# **ASSIGNMENT**

**Q1. What is the relationship between polynomial functions and kernel functions in machine learning
algorithms?**

Polynomial functions and kernel functions are both mathematical tools used in machine learning, particularly in the context of support vector machines (SVMs) and kernel methods. Here's a brief overview of their relationship:

1. **Polynomial Functions:**
   - In the context of SVMs, polynomial functions are often used as basis functions to transform input data into a higher-dimensional space.
   - The idea is to map the input data from its original space to a higher-dimensional space, where a hyperplane can better separate the data points.
   - The polynomial kernel function is a specific type of kernel function used in SVMs that employs polynomial functions.

2. **Kernel Functions:**
   - In machine learning, a kernel function is a method of implicitly mapping input data into a higher-dimensional space without explicitly computing the new representation.
   - Kernels play a crucial role in kernelized algorithms, such as kernelized SVMs. They allow these algorithms to operate in a higher-dimensional space without explicitly computing the transformation.
   - Polynomial kernels are a type of kernel function commonly used. The polynomial kernel function \(K(x, y) = (x \cdot y + c)^d\) is based on polynomial functions, where \(d\) is the degree of the polynomial, and \(c\) is a constant.

3. **Relationship:**
   - Polynomial functions are a type of basis function used in the construction of polynomial kernel functions.
   - The polynomial kernel function is a specific form of a kernel function that relies on the polynomial transformation of input data.
   - Other types of kernel functions include linear kernels, radial basis function (RBF) kernels, and more. Each type of kernel function corresponds to a different way of transforming the input data.

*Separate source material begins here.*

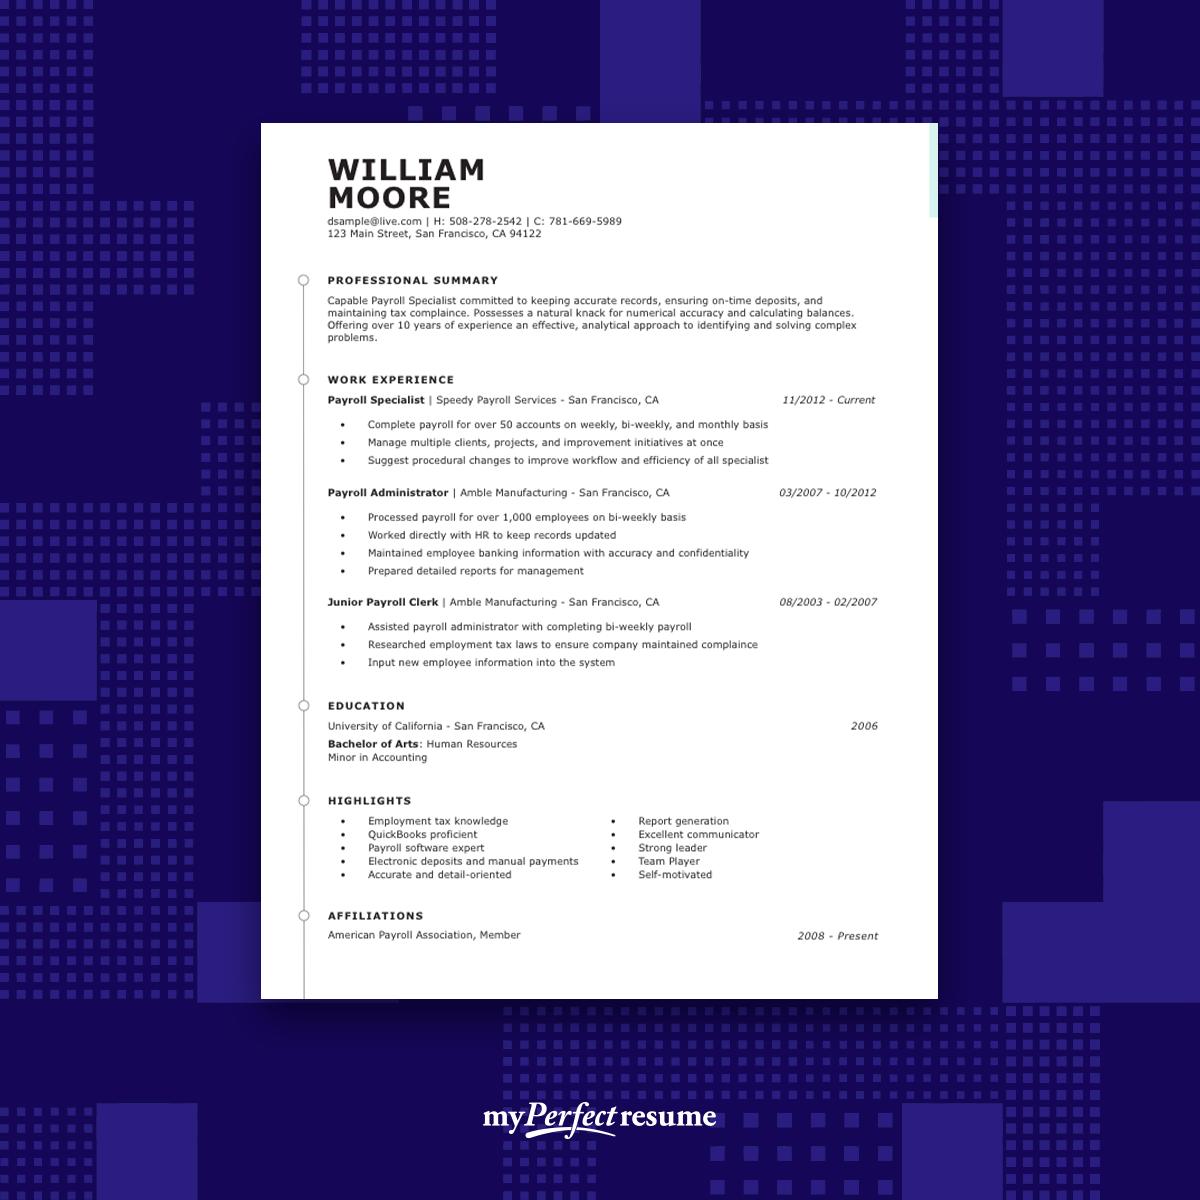 Resume Templates in 2020 Job resume examples, Resume

In summary, polynomial functions are often used as the basis for polynomial kernel functions in machine learning algorithms like SVMs. The kernel functions, including polynomial kernels, enable the algorithms to operate in higher-dimensional spaces efficiently, allowing for better decision boundaries and improved performance on complex datasets.

**Q2. How can we implement an SVM with a polynomial kernel in Python using Scikit-learn?**

Implementing an SVM with a polynomial kernel in Python using Scikit-learn is relatively straightforward. Scikit-learn provides the `SVC` (Support Vector Classification) class, which allows you to create an SVM model with different kernel functions, including the polynomial kernel.

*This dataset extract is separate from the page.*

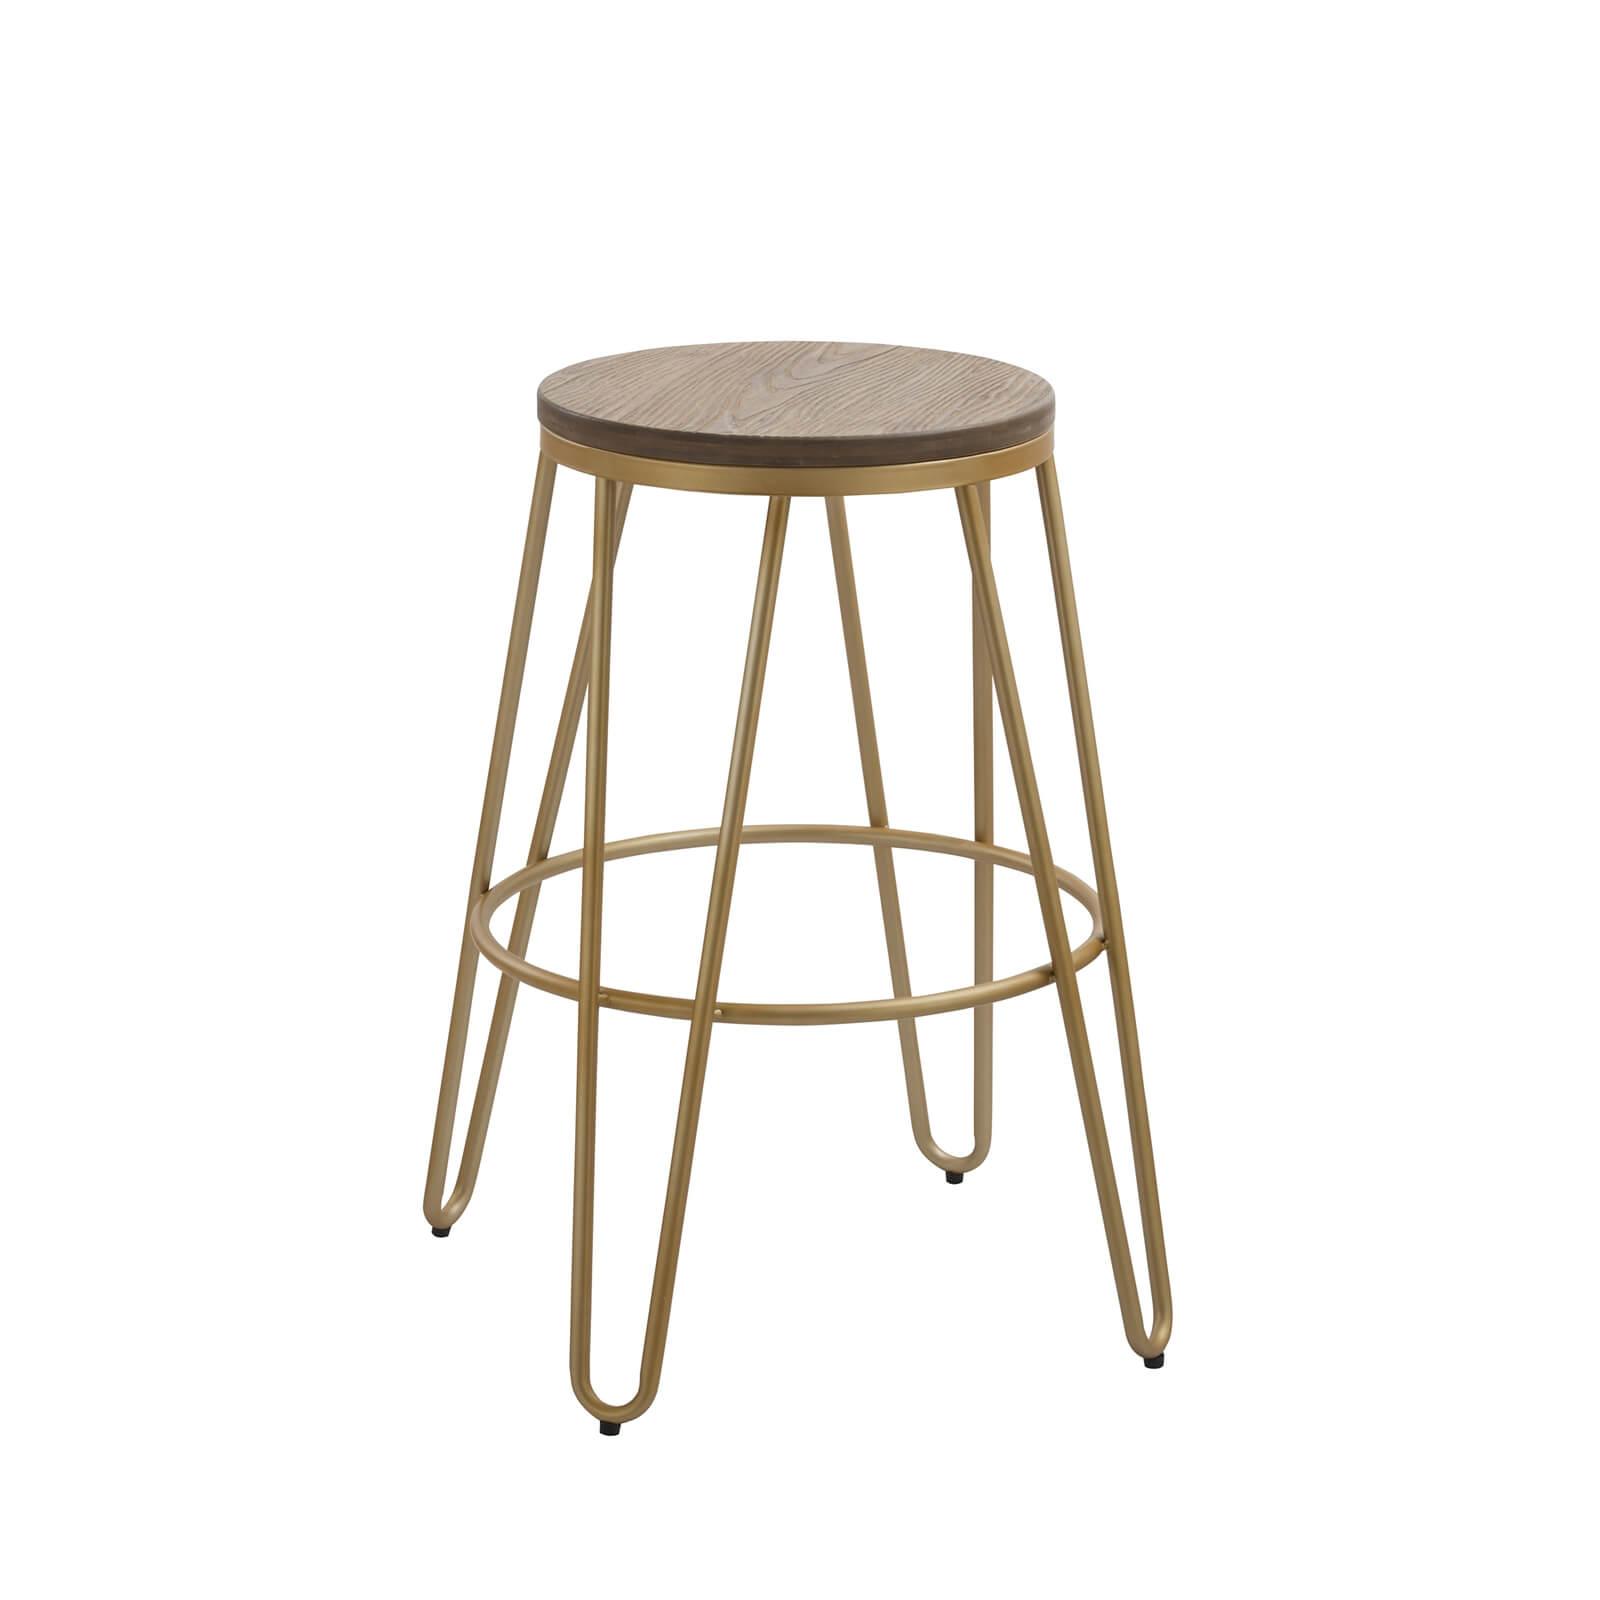 Ikon Wood Seat with Gold Legs Bar Stool

Here's a simple example of implementing an SVM with a polynomial kernel using Scikit-learn:

```python
from sklearn import datasets
from sklearn.model_selection import train_test_split
from sklearn.svm import SVC
from sklearn.metrics import accuracy_score

# Load a sample dataset (you can replace this with your own dataset)
iris = datasets.load_iris()
X = iris.data
y = iris.target

# Split the dataset into training and testing sets
X_train, X_test, y_train, y_test = train_test_split(X, y, test_size=0.2, random_state=42)

# Create an SVM model with a polynomial kernel
degree_of_polynomial = 3  # Set the degree of the polynomial kernel
svm_model = SVC(kernel='poly', degree=degree_of_polynomial)

# Train the SVM model
svm_model.fit(X_train, y_train)

# Make predictions on the test set
y_pred = svm_model.predict(X_test)

# Evaluate the accuracy of the model
accuracy = accuracy_score(y_test, y_pred)
print(f"Accuracy: {accuracy}")
```

In this example:

1. We load the Iris dataset as a sample dataset.
2. Split the dataset into training and testing sets.
3. Create an `SVC` model with a polynomial kernel using the `kernel='poly'` parameter. The `degree` parameter specifies the degree of the polynomial.
4. Train the model using the training data.
5. Make predictions on the test set.
6. Evaluate the accuracy of the model using the `accuracy_score` function from Scikit-learn's `metrics` module.


**Q3. How does increasing the value of epsilon affect the number of support vectors in SVR?**

In Support Vector Regression (SVR), epsilon (often denoted as ε) is a hyperparameter that controls the width of the margin around the predicted values within which no penalty is associated with errors. It is part of the formulation of the loss function in SVR, and it introduces a tolerance for errors that fall within the margin.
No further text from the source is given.